Jun.14, 2012

Toronto based industrial designer Andrew Leinonen wanted to make his own bike frame. One big advantage of making your own bicycle frame is you will be able to choose geometry and extras as you want.

Normally if you make a bike you need to calculate how much it will cost to fabricate a jig, the tools for frame building and the materials for the bicycle frame itself. And if you add all the cost up you need to have at least $600 prepared. But Andrew wanted to "design a process for building bicycles that allowed an enthusiast to spend less overhead, less time on finicky details, and put the emphasis on actually designing and making a bike that you want to ride."

So the basics of what he does is using CAD and 3D printing to build custom lug sockets to define geometry and then have standard tubes inserted.
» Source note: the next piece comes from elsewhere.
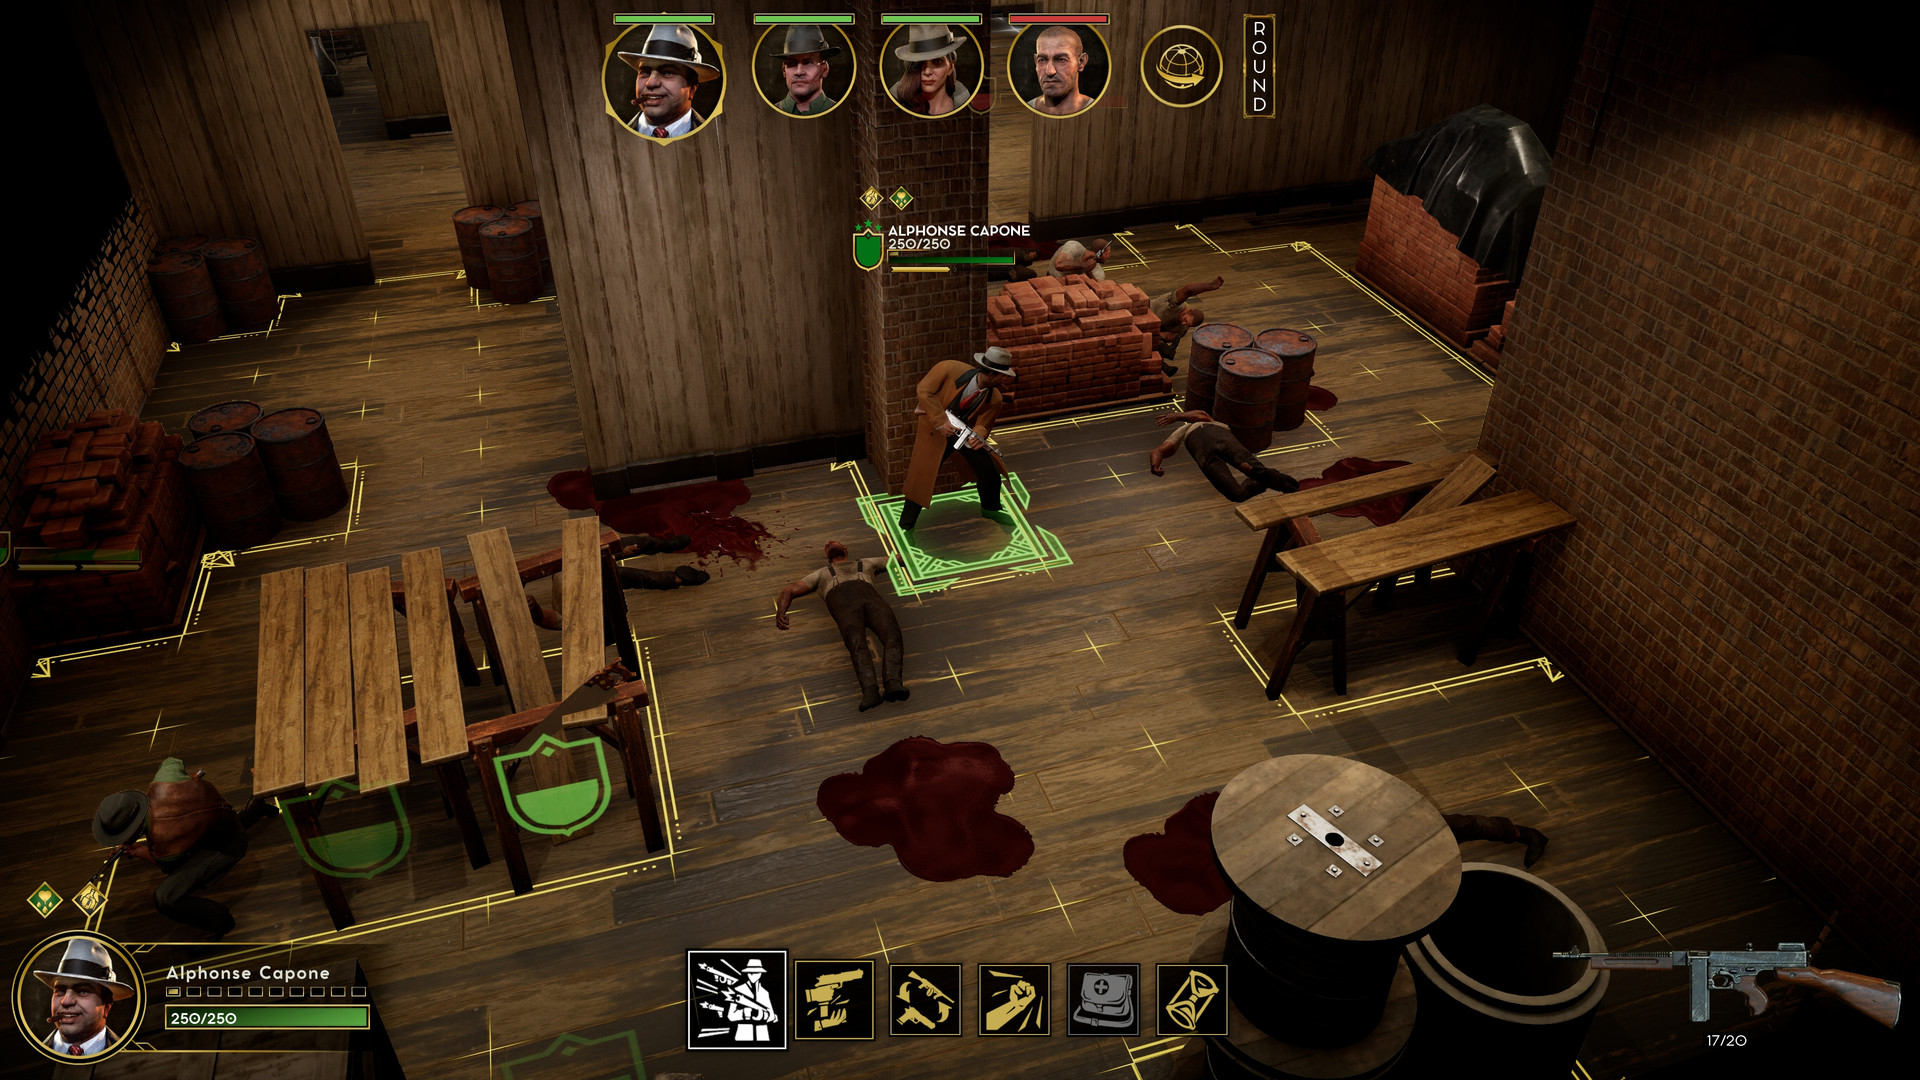 Capone casino ii mobile game download the game metal slug 2

This process allows totally custom geometry and makes possible for people to build themselves a unique custom bicycle with unparalleled design flexibility.

The lugs are 3D printed using ABS on a desktop 3D printer, in his case, an UP! 3D printer from pp3dp. "The resolution, part quality, accuracy and ability to print support material very easily made it perfectly suitable for the needs of this project". And of course other 3D printers such as MakerBot, RepRaps or Ultimaker can do the same job.

Then the printed ABS lugs are bonded to aluminum frame tubes and reinforced with carbon fiber and epoxy. "3D printed pieces can also be used to create 2-part molds for the carbon fiber lug reinforcements, improving both strength and appearance." Additionally, since the tubes are bonded and reinforced with carbon fiber and epoxy, Andrew claims that "you can use whatever material you'd like for the tubing – aluminum, steel, carbon fiber, titanium, or bamboo!"

"My goal was to shift away from being restricted by the materials required by the tools, and instead enable you to realize your personal creative vision for what you want your bike to be." notes Andrew.

He documented the entire project in detail at Instructables, so it should be interesting to follow all of his steps and build your own carbon fiber bike frame at home. He points out that, "when following these instructions and building your frame, think critically and safely and design conservatively."

See a few photos from his construction process below, and check out the Instructables for more information.

So what do you think of this frame design? Andrew is very comfortable with the test ride and it should be interesting to see how others deviate on this concept.